5. 30m. Up edge to spike.
6. 25m. Up easier edge.
7. 25m. Scrambling for another 25m, then easy grass to top.

SCAMAILL THIOS 120m Diff
D. Short, J. Lynam, R. Lynam (leads shared). 31.5.86
Start at the bottom of the left-hand slab, at a recess midway along the base.
1. 50m. Climb a groove, then move diagonally left and climb small overlapping slabs to a tongue of vegetation. Belay just below overhang.
2. 30m. Avoid the overhang on the right and climb the slab to steep grass with a belay below the next bulge of rock.
3. 40m. Climb the slabby nose, keeping left, then go up an easy-angled diedre to a belay above a small bulge. Beware loose rock!
Grassy scrambling to the ridge (40m).

CAPALL SUAS 180m Diff
D. Short, J. Lynam, R. Lynam (leads shared). 2.6.86
Right of Stepped Edge, start just left of the stream which falls from the right-hand slab.
1. 45m. Climb the bulge and continue up the big slab (near its left edge) to an airy stance and belay. (Note: no runners were found on this pitch!).
2. 42m. Continue up the left side of the slab to a grassy saddle. Belay on rock wall behind.
3. 21m. Traverse right to gain the slab above the rock wall. Climb the slab diagonally right to a ledge beside the stream and below the second rock wall.
4. 32m. Climb straight up (loose rock) and traverse right (veg) to gain the slab above the second wall. Continue to belay in stream bed.
5. 40m. Climb up beside the stream until the rock peters out a few metres below the ridge.
Note : For climbs of this grade there are notably few stances or even running belays.

FROG BUTTRESS 254m V.Diff
J. Forsythe, M. Forsythe. 12.7.86
Start : the first two slabs on the right entering the corries have a buttress lying between them, undercut at the bottom and on the left and with a grass ramp running from bottom right to bisect the left edge at mid-height, thus creating a stack of two buttresses. A rock tongue leads to the lower buttress.
Climb the rock tongue, then steeper rock at 60m. turning it on the left, and cross the top of the grass ramp at 125m. The upper buttress gives easier climbing for 120m., with a cave at 75m. Descent to the right, under an impressive head wall.

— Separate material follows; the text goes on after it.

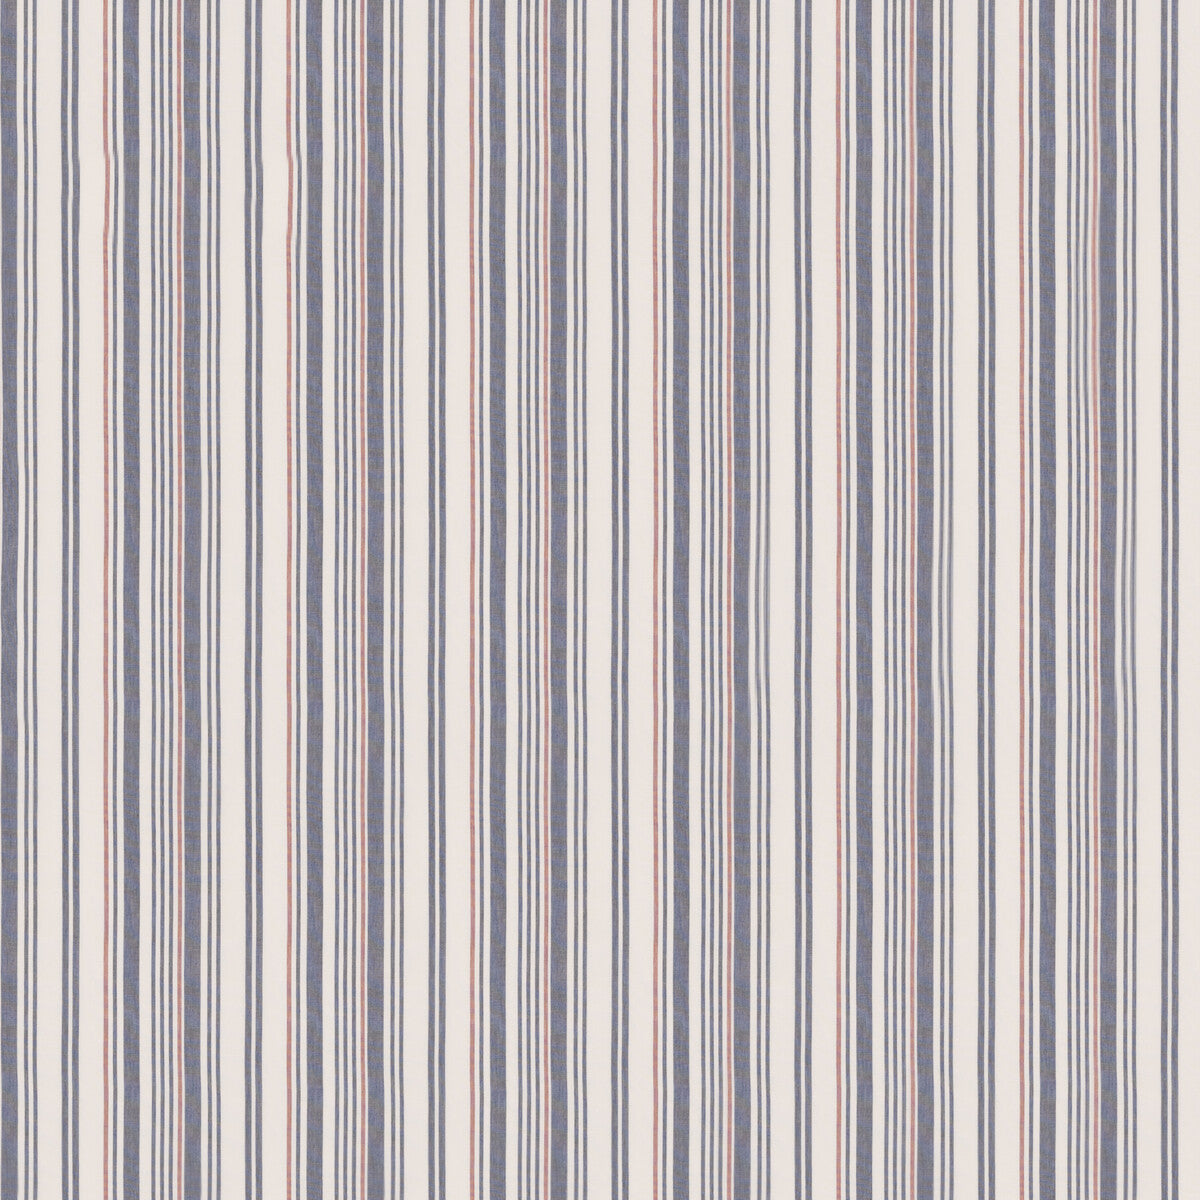 Spinnaker Stripe fabric in indigo/red color - pattern FD814.G103.0 - by Mulberry in the Westerly Stripes collection

Ailltreacha Mám Trásna Up in the north west head of the glen the plateau coming down from Mám Trásna forms these cliffs. On Aill Mám Trásna is a broad 90 meter high slab with a step running left to right across it in its lower reaches. Scramble up to the foot of the slab coming in to it from the left.

Fáinleog Bhán 90m HS. Christy Rice. Tommy Irving. June 2014.
1. 45n HS. Climb the slab from bottom to top keeping a central line. At the step find a very good large hex runner on its right side. Traverse back to center step up and continue up to broken section, nut belay.
2. 45m S. Keeping a central line the climbing gets easier as you move on up.

ORANGE LODGE
R. Cole, V. Cregan, M. Mills. 12.7.86
Takes a five-branched gully, deeper into the corrie, on the left-hand side, i.e. to the right of An Bóthar Fada. No other details available.